[ACTION ITEM]
The answer is to be the data that follows, transcribed exactly, minus its pictures.

** RECORDED DATA follows **

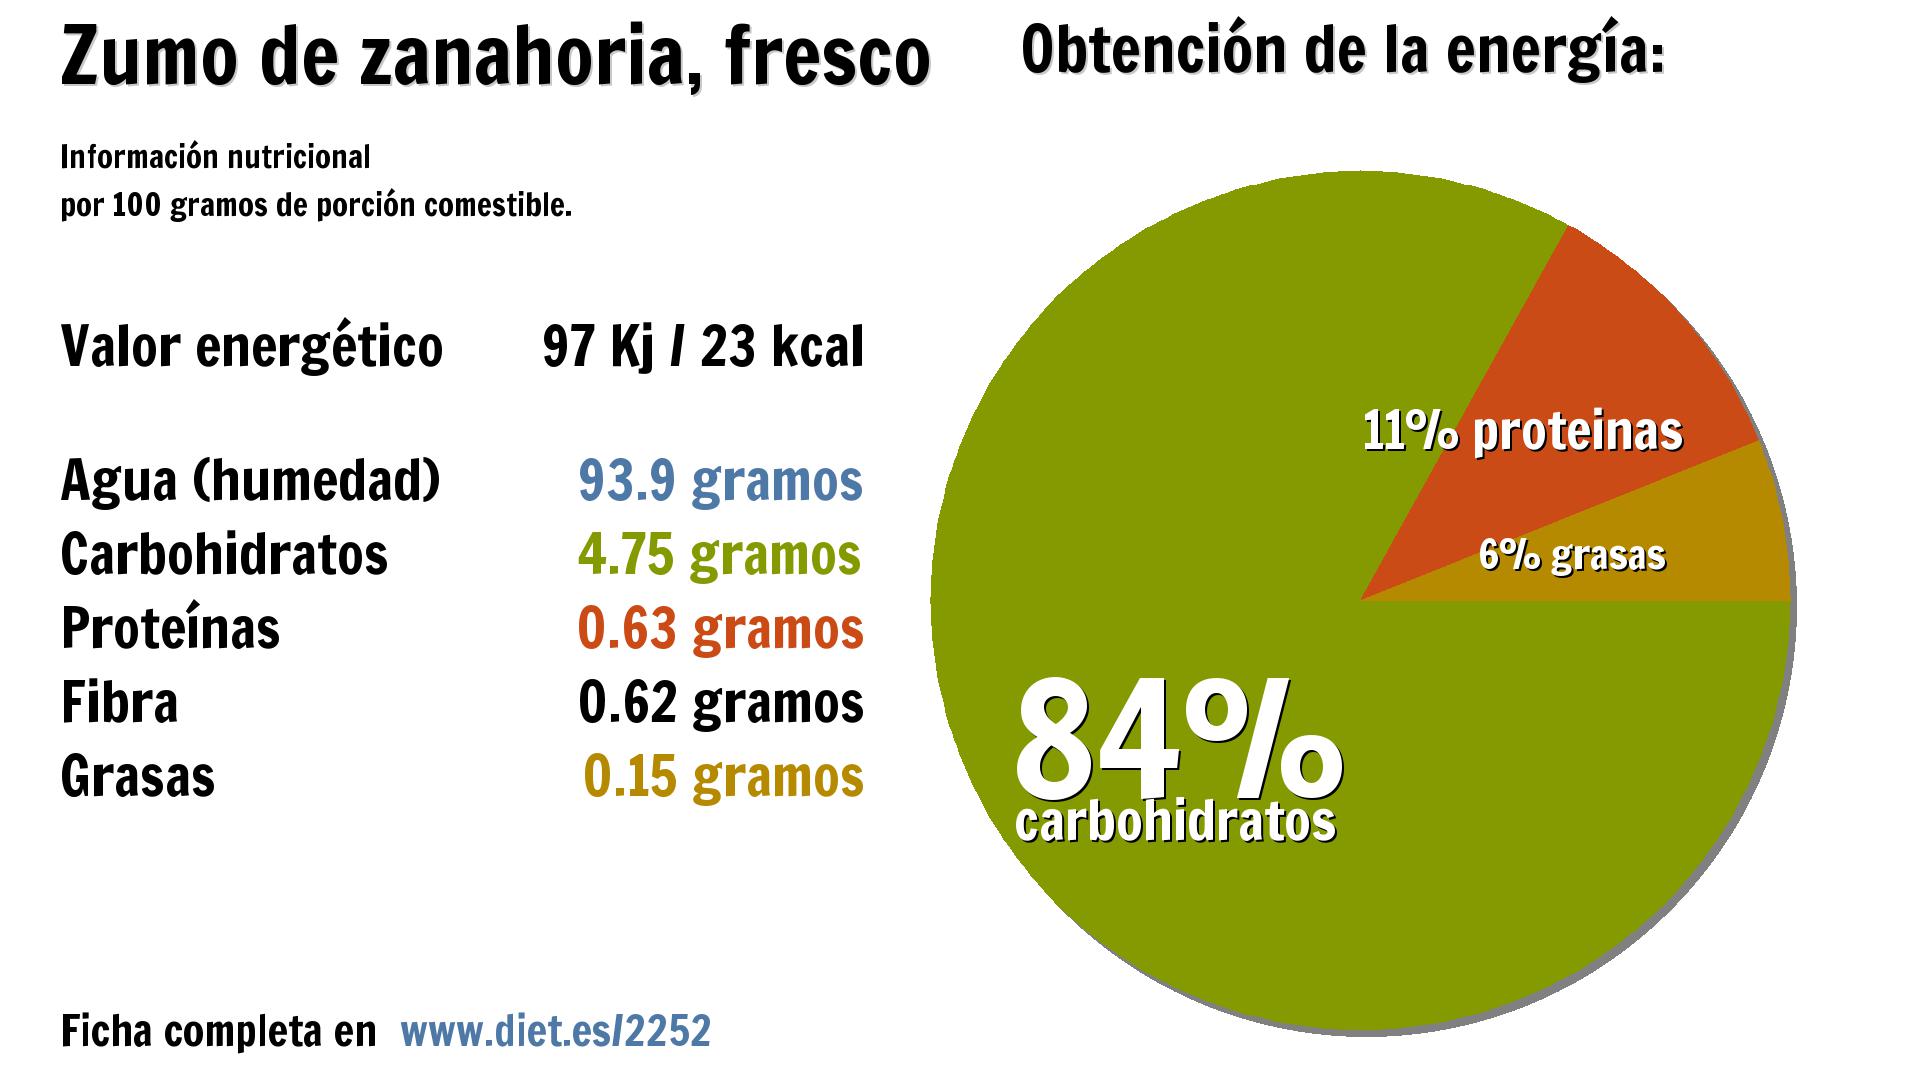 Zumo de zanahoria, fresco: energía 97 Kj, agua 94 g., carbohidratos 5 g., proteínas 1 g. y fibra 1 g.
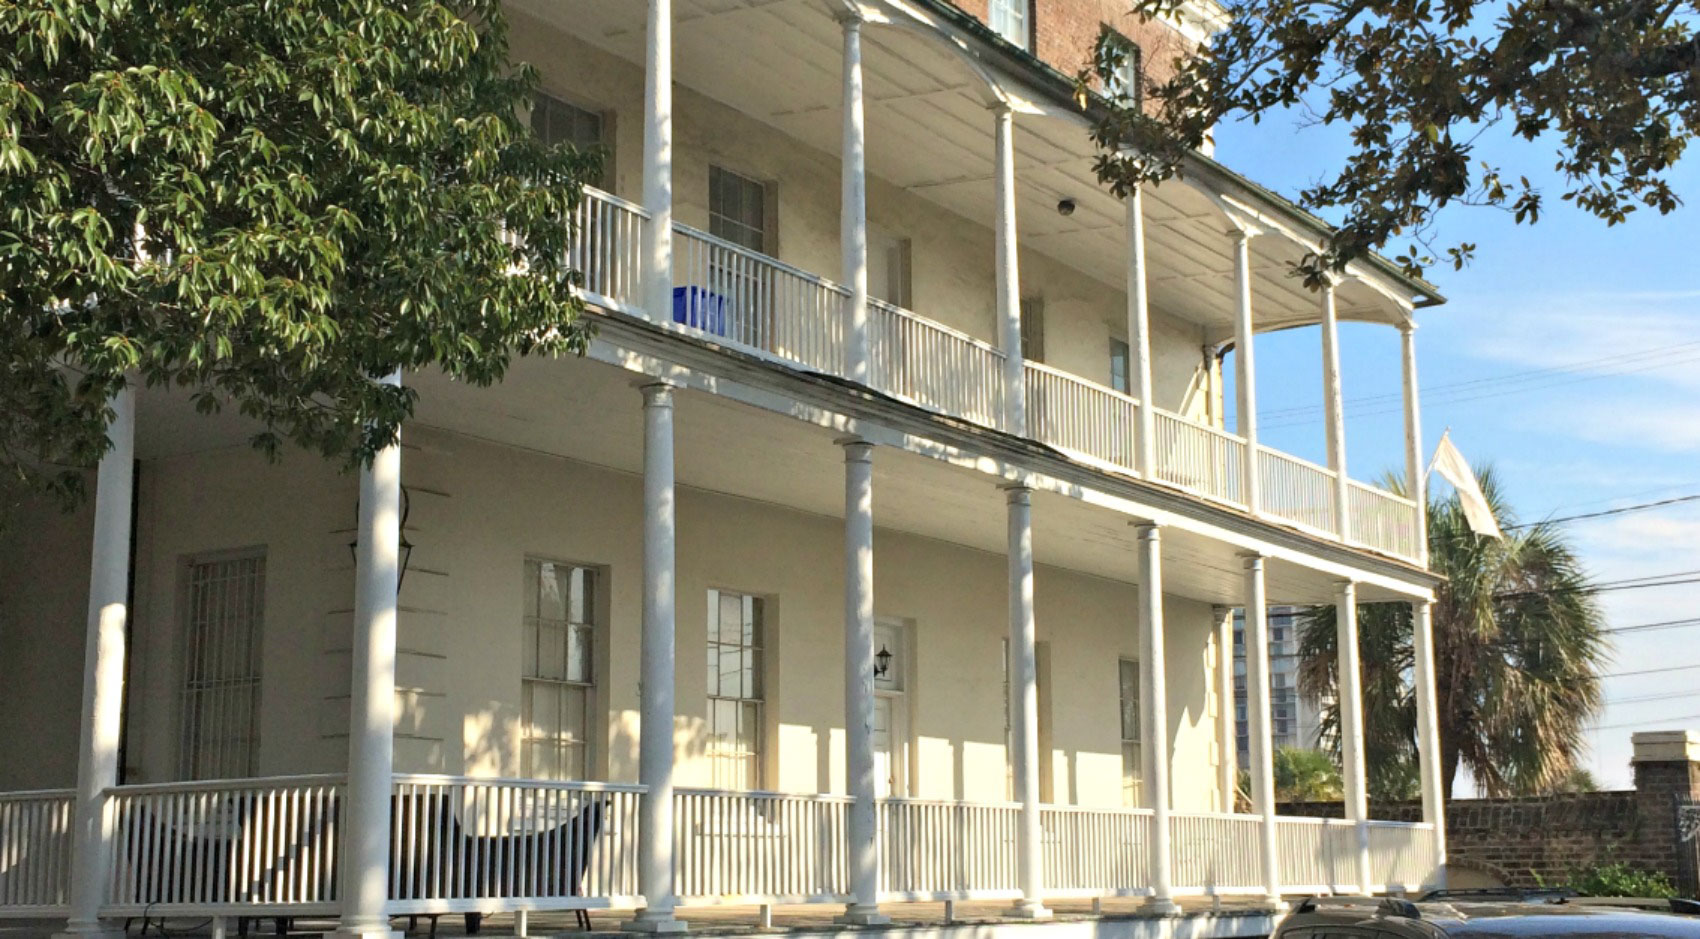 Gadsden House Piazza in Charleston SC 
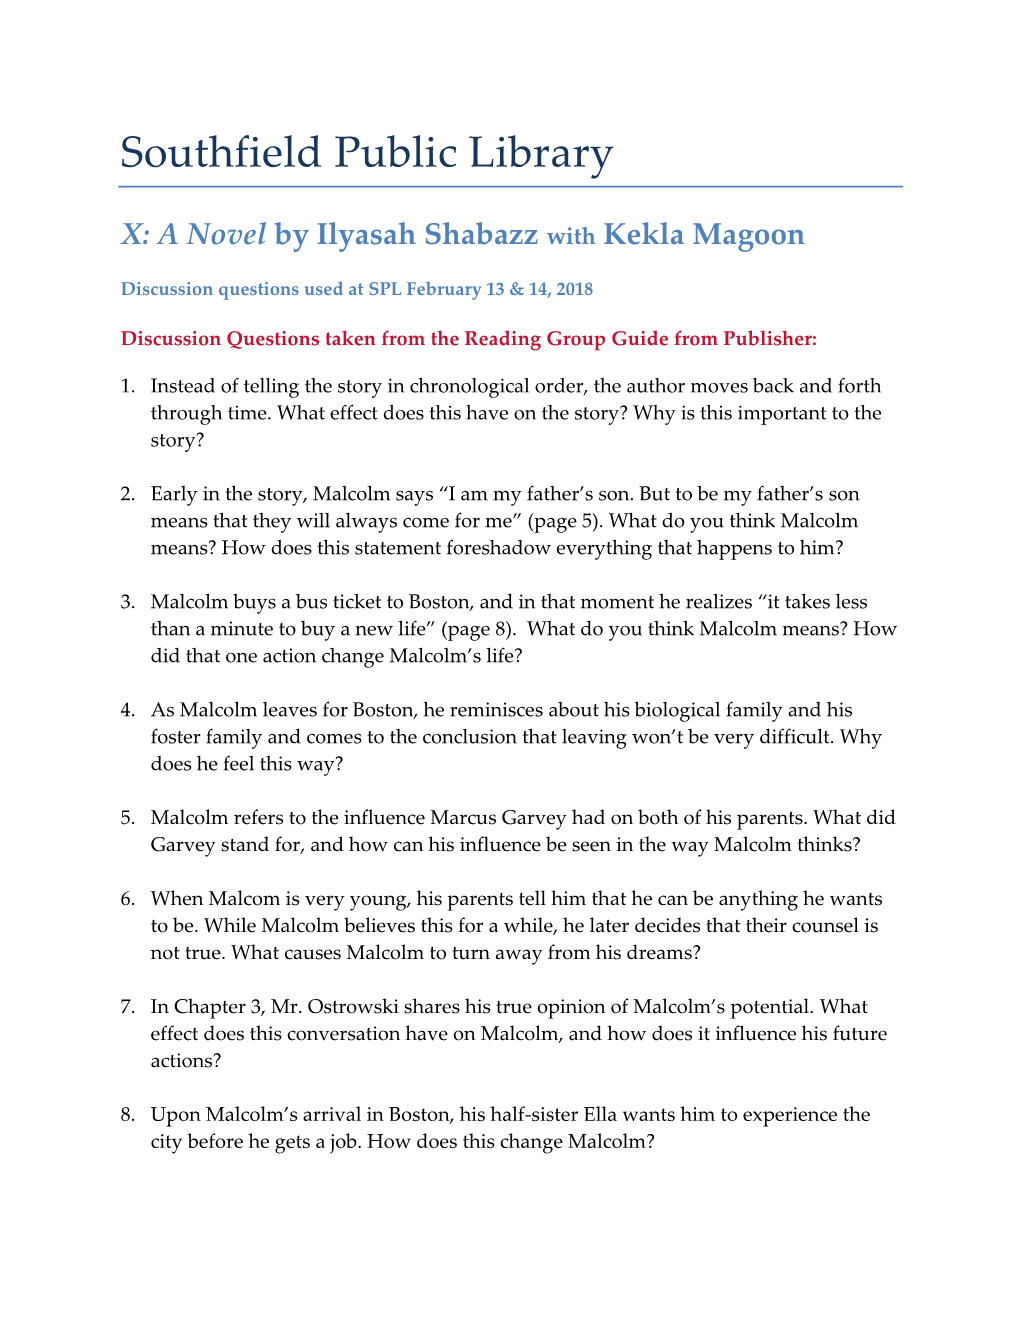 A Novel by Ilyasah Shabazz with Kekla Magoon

** End of RECORDED DATA **

[THE ANSWER]
 Zumo de zanahoria, fresco: energía 97 Kj, agua 94 g., carbohidratos 5 g., proteínas 1 g. y fibra 1 g.
 Gadsden House Piazza in Charleston SC 
 A Novel by Ilyasah Shabazz with Kekla Magoon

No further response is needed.